● **DIRECTIONS**: Somewhere below are a line with "Trinidad Und Tobago, MiNr." and a later line with "TAKAMI BRIDAL WEDDING DESK スマートフォン用の画像". Output exactly those lines and all lines between them.

[Opening RECORDS section]

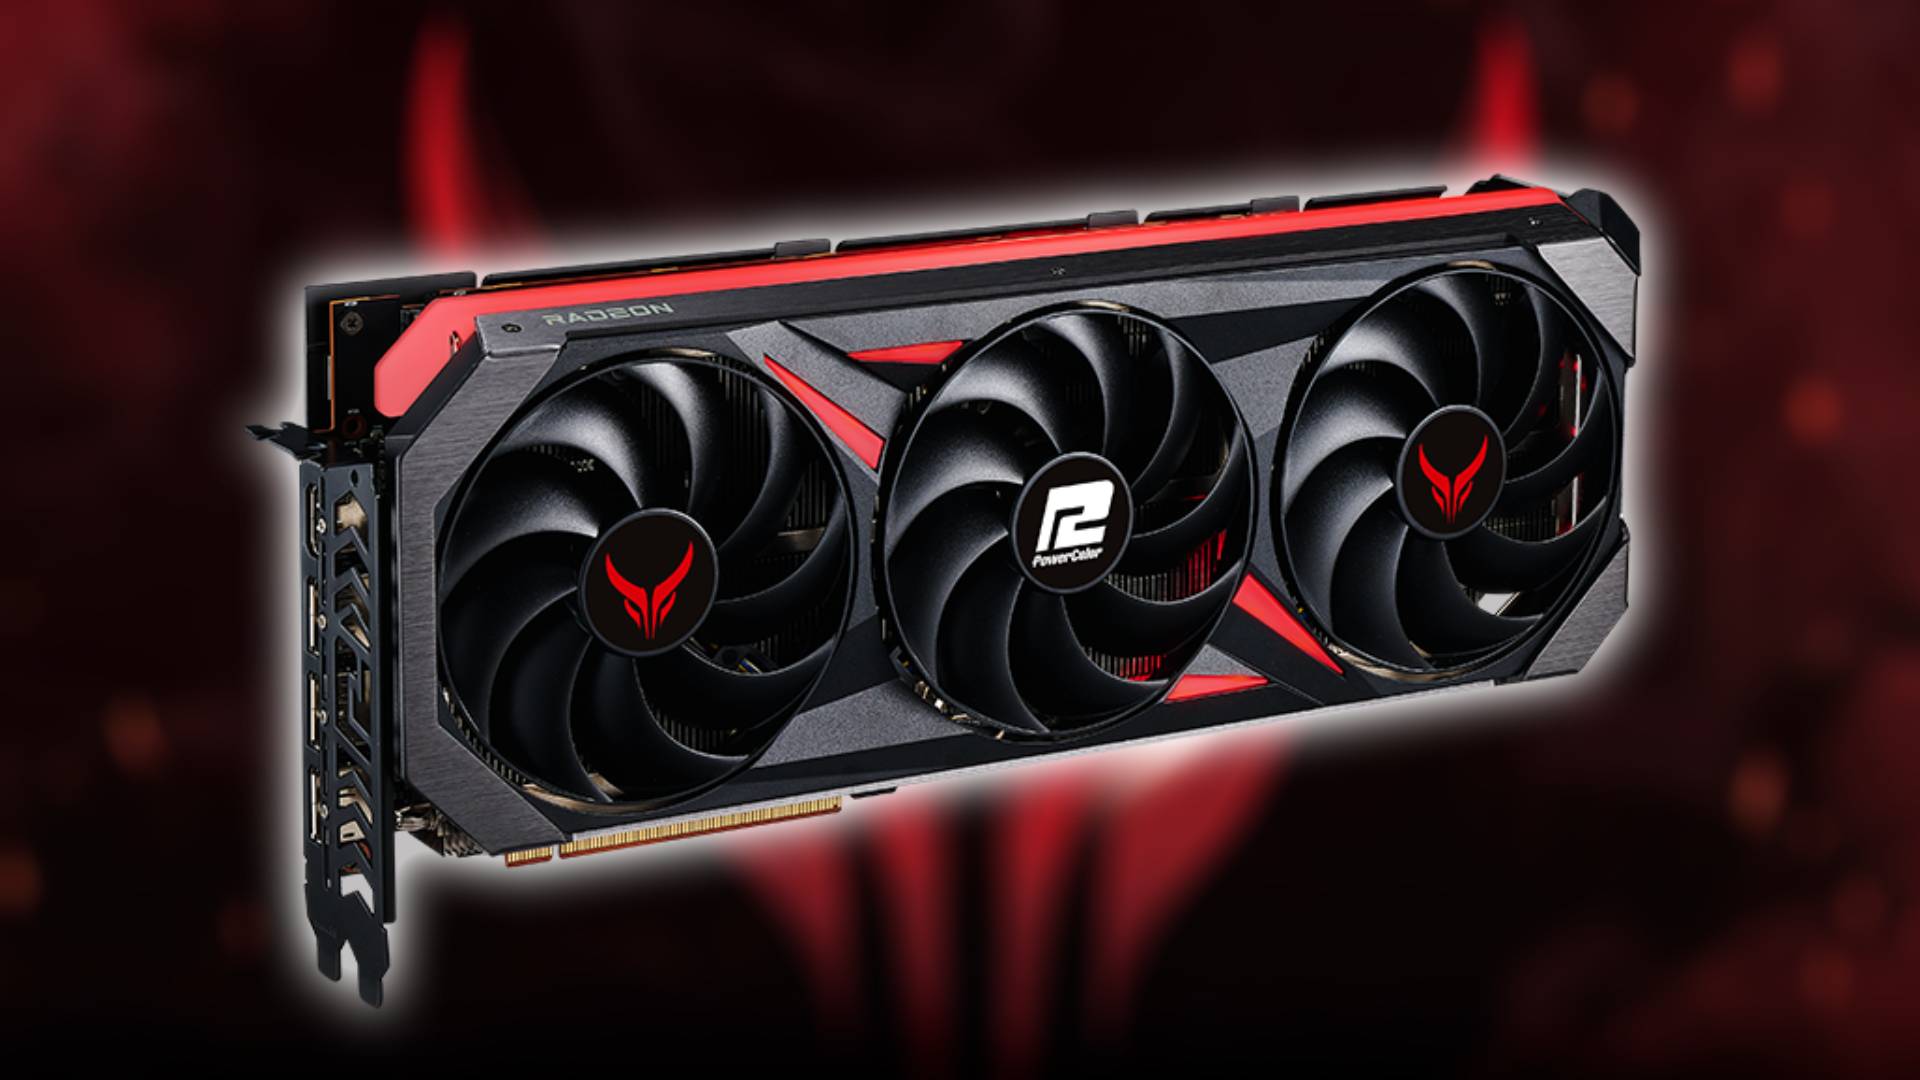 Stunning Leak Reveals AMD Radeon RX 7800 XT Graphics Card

[Closing RECORDS section]
[Opening RECORDS section]

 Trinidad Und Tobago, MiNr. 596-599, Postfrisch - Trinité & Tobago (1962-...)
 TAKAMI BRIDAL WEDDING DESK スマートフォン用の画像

[Closing RECORDS section]
[Opening RECORDS section]

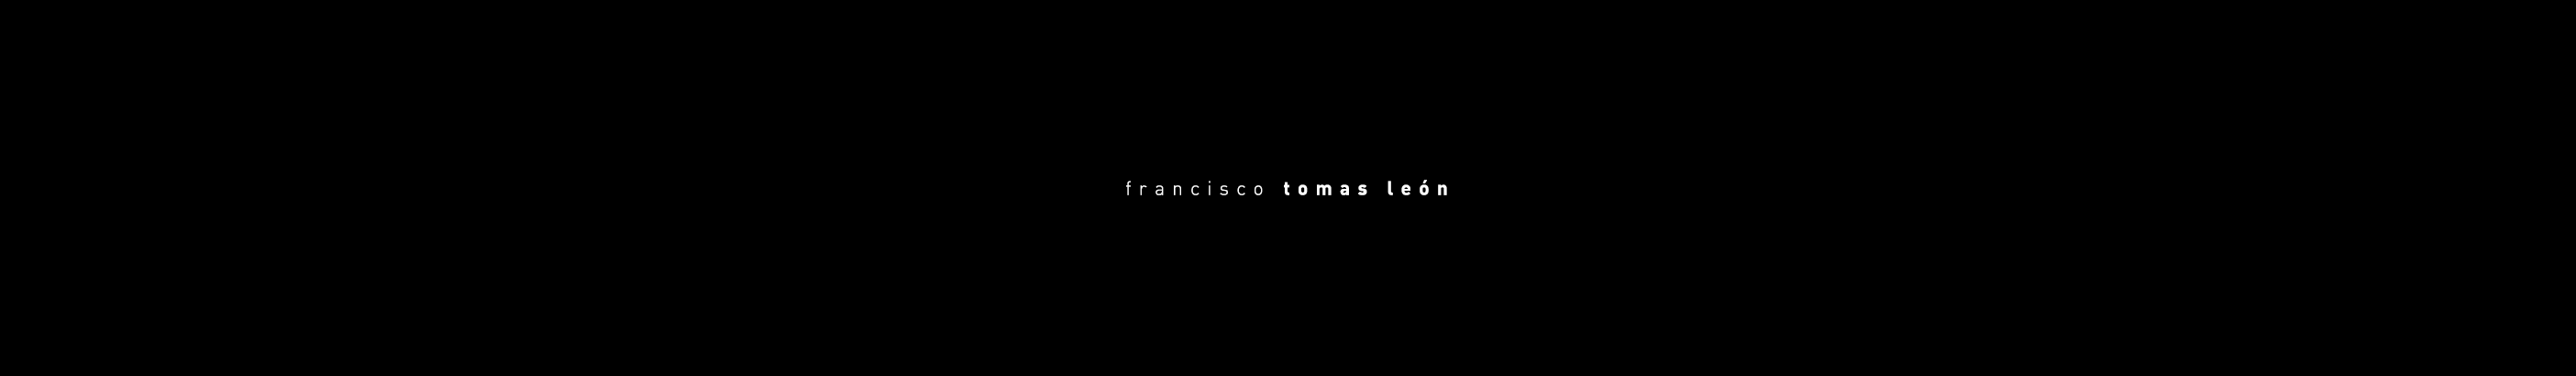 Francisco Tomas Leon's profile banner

[Closing RECORDS section]

● **REPLY TO THE TASK**:
 Trinidad Und Tobago, MiNr. 596-599, Postfrisch - Trinité & Tobago (1962-...)
 TAKAMI BRIDAL WEDDING DESK スマートフォン用の画像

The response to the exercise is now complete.